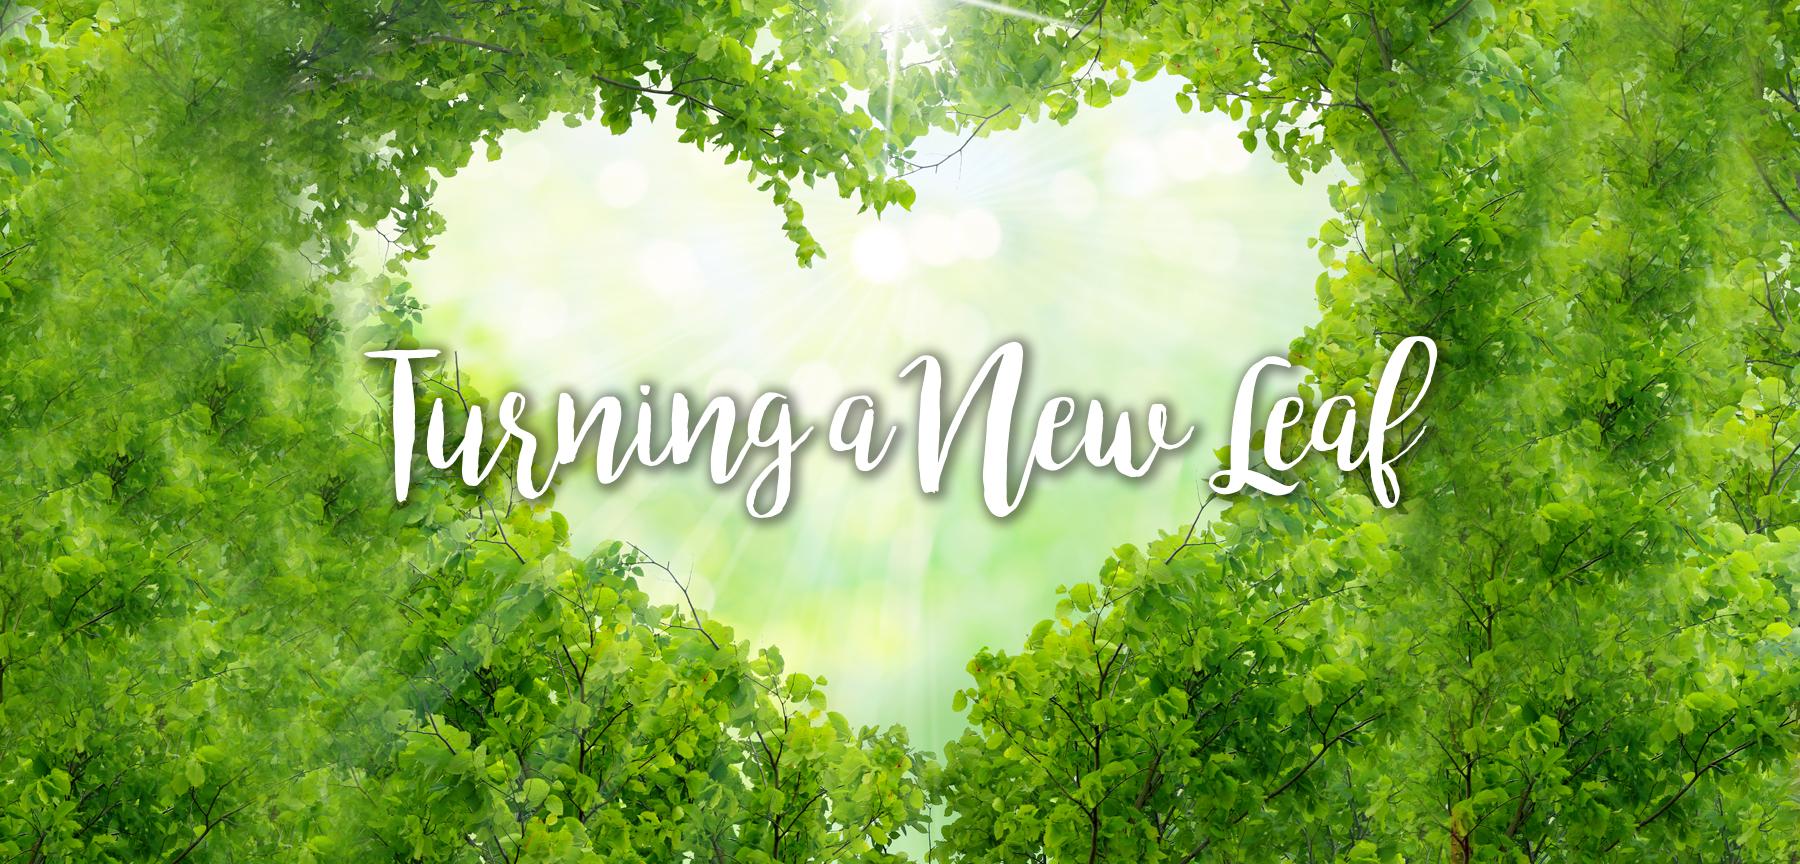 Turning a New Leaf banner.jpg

* * *

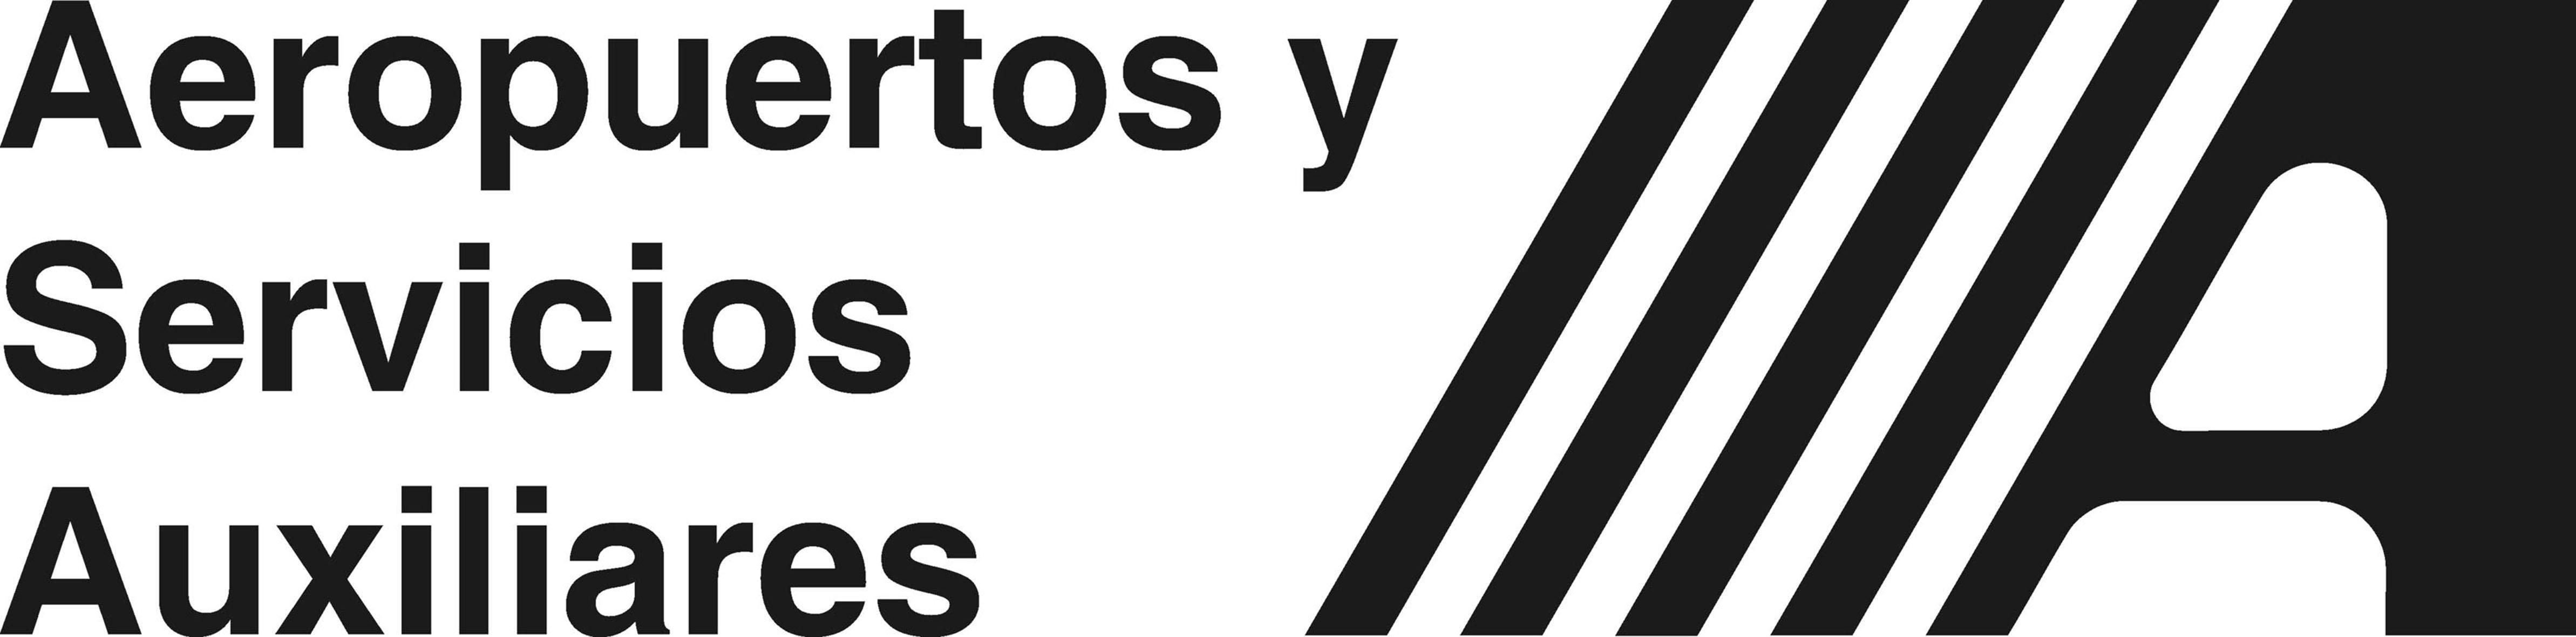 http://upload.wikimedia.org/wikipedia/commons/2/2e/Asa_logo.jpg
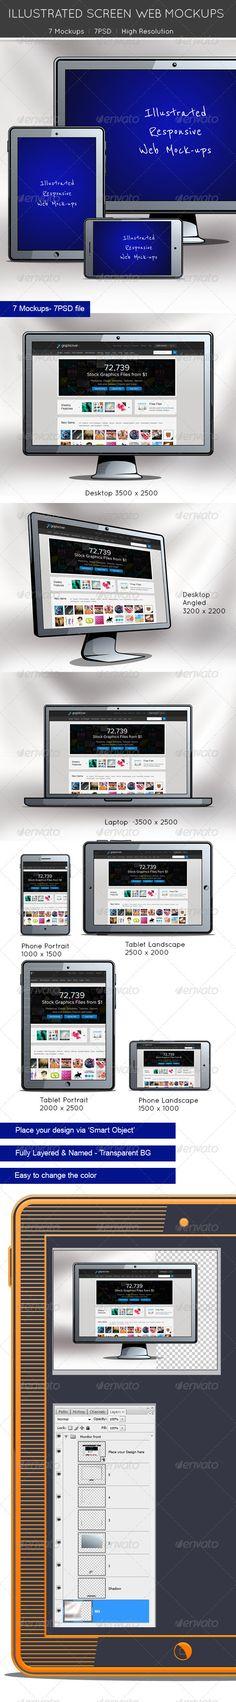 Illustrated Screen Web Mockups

--

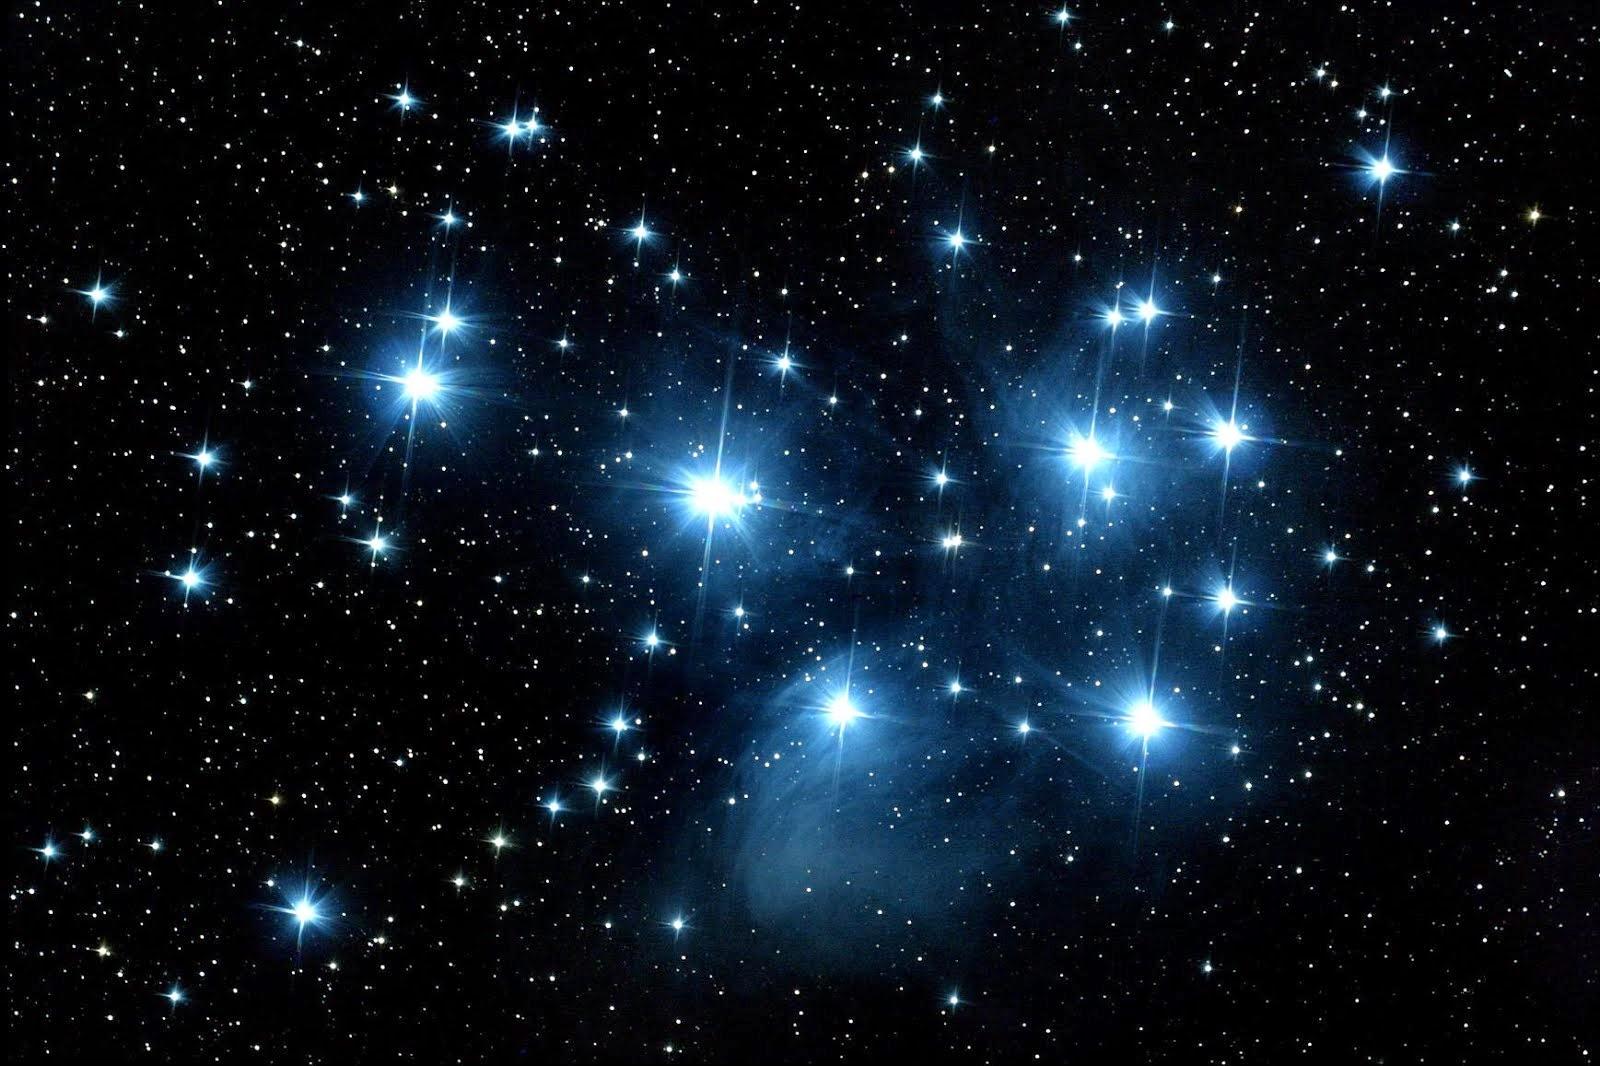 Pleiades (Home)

WHAT THE TASK ASKS: In the records above, everything from the line with "http://upload.wikimedia.org/wikipedia/commons/2/2e/Asa_logo.jpg" down to the line with "Illustrated Screen Web Mockups" must be duplicated exactly, both lines kept. Leave no pictures in.

WRITTEN SOLUTION:
 http://upload.wikimedia.org/wikipedia/commons/2/2e/Asa_logo.jpg
 Illustrated Screen Web Mockups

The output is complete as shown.